In the background, past the rusty tank and before the metal building, you can see a long horizontal cylinder. This was an abandoned tank car that once was full of chlorine and the piping was all rusted. We went to a lot of trouble to mitigate that thing (this picture was probably taken right at the start of that operation) because that much chlorine released in the middle of Houston could have been devastating. It turned out to be empty.

Another tough job we did on that site was to plug an oil well. PCBs are heavier than water and there was a fear that the contamination would follow an old, uncapped well down through a thick clay layer and contaminate the city’s drinking water aquifer far below. We used some old maps to locate the well’s probable location and I went out with a steel tape and spray painted a big X where I thought it was (the whole area was paved over long after the well was abandoned).

We brought out a portable air compressor and a jack hammer and I was chosen to go out there fully suited out and jackhammer down through the concrete. I had some experience with using a jackhammer in protective gear (some work I had done the previous year around St. Louis – but that’s a whole ‘nother story), I was young and strong then, and I had done the measurements – so if I was wrong it would be me that had to do all the wasted work. I was very proud of the fact I hit that wellhead nail right on the head.

Then we brought out an entire drilling rig, full of roughnecks slinging pipe wearing respirators and Tyvek Suits in the Houston heat. Those guys drilled out the old mud, broken concrete, and burlap sacks that plugged the well, and then we concreted the whole thing up.

If you look at the Geneva site now you’ll see a bare green mound in the middle of a pretty rough part of the city. Most remediated waste sites look like this – the open ground patterned with the piping system and tanks of a groundwater interceptor and treatment system. Back then, though, it was frightening complex of rusting equipment, open pits, and ponds full of toxic chemicals.

Over a few jobs I spent months at Geneva. I worked even more at Crystal Chemical on the other side of Houston (I’ll write about that some time- real horrorshow). Then there was Cleve Reber in the swamps of Louisiana and the big train derailment in Livingston. There was a burning subterranean landfill in Tulsa, and countless oil spills all the way from New Orleans to West Texas. There were chemical trucks turned over in ditches, leaking rail cars, and burning pesticide factories in small towns.
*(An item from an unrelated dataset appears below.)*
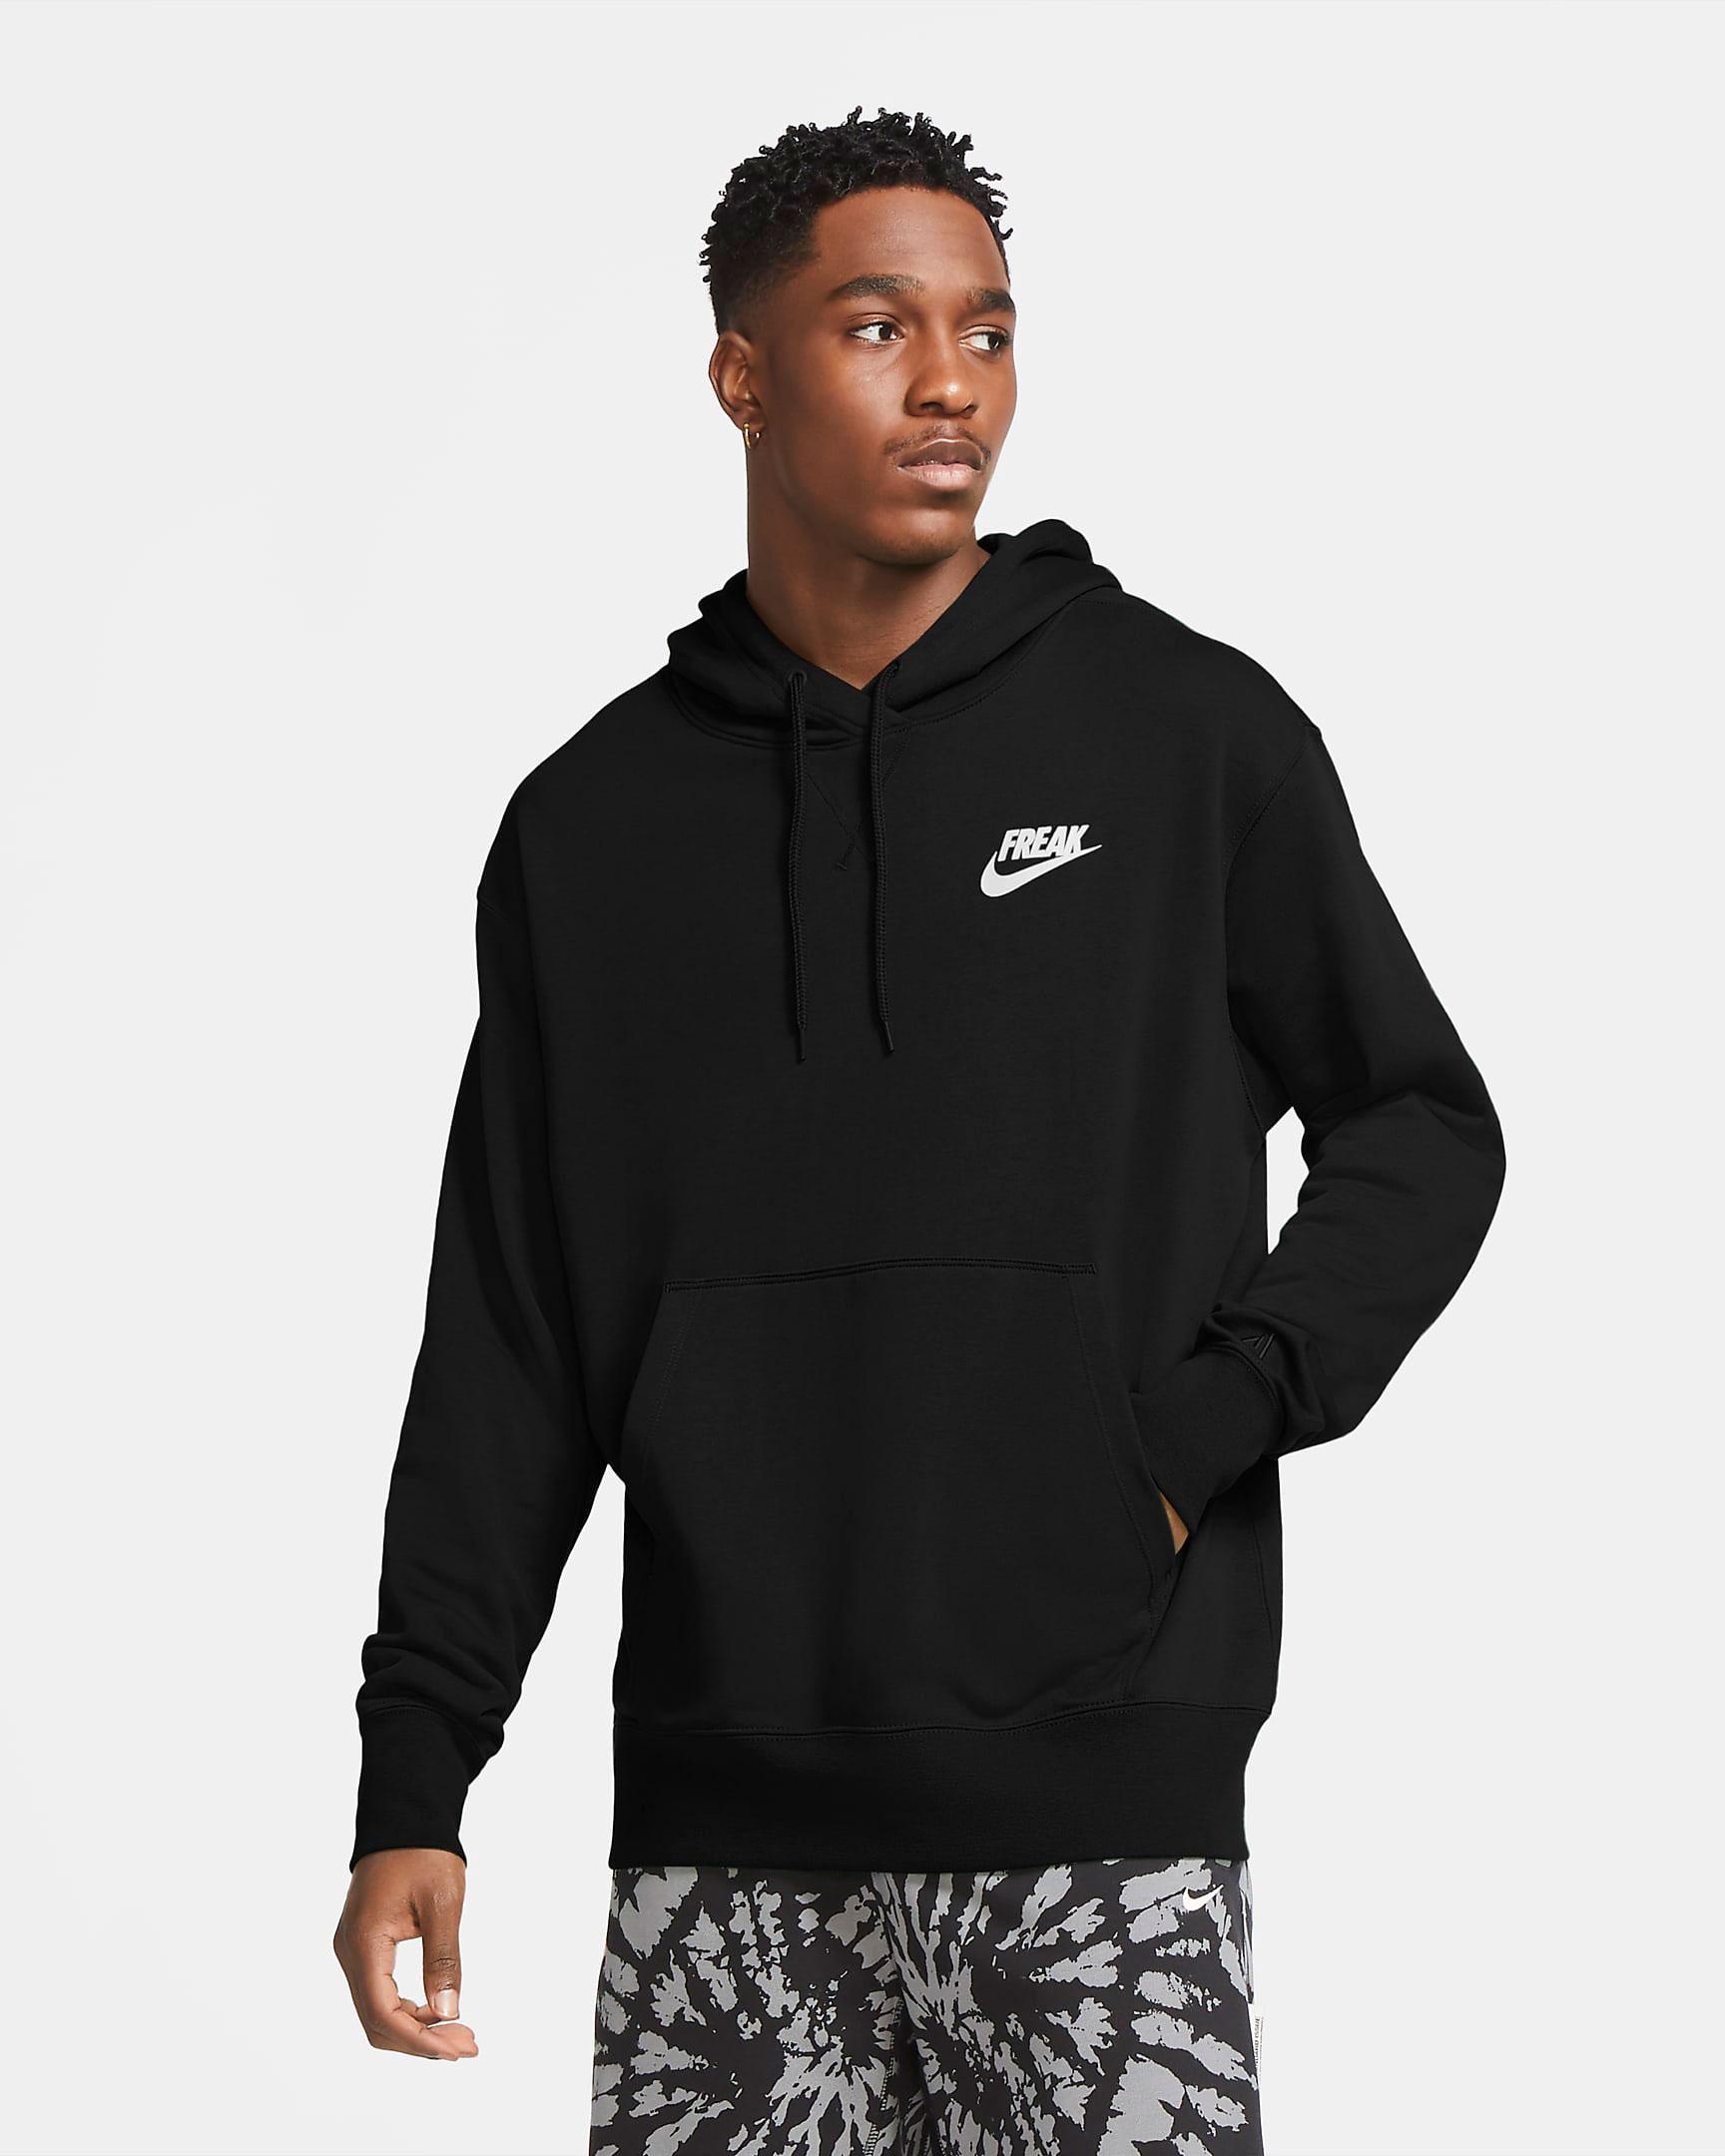 nike-zoom-freak-2-black-white-hoodie-1

I spent a lot of time when I was young out in isolated unpleasant places cleaning up other people’s messes. Actually, I didn’t work at this too long – nobody did, nobody could. It wears on you. It’s when you realize that wearing that respirator and mask, that suit with gloves and boots taped to the sleeves and legs so that nothing can leak in, feels normal, feels natural, that you realize it’s time to move on.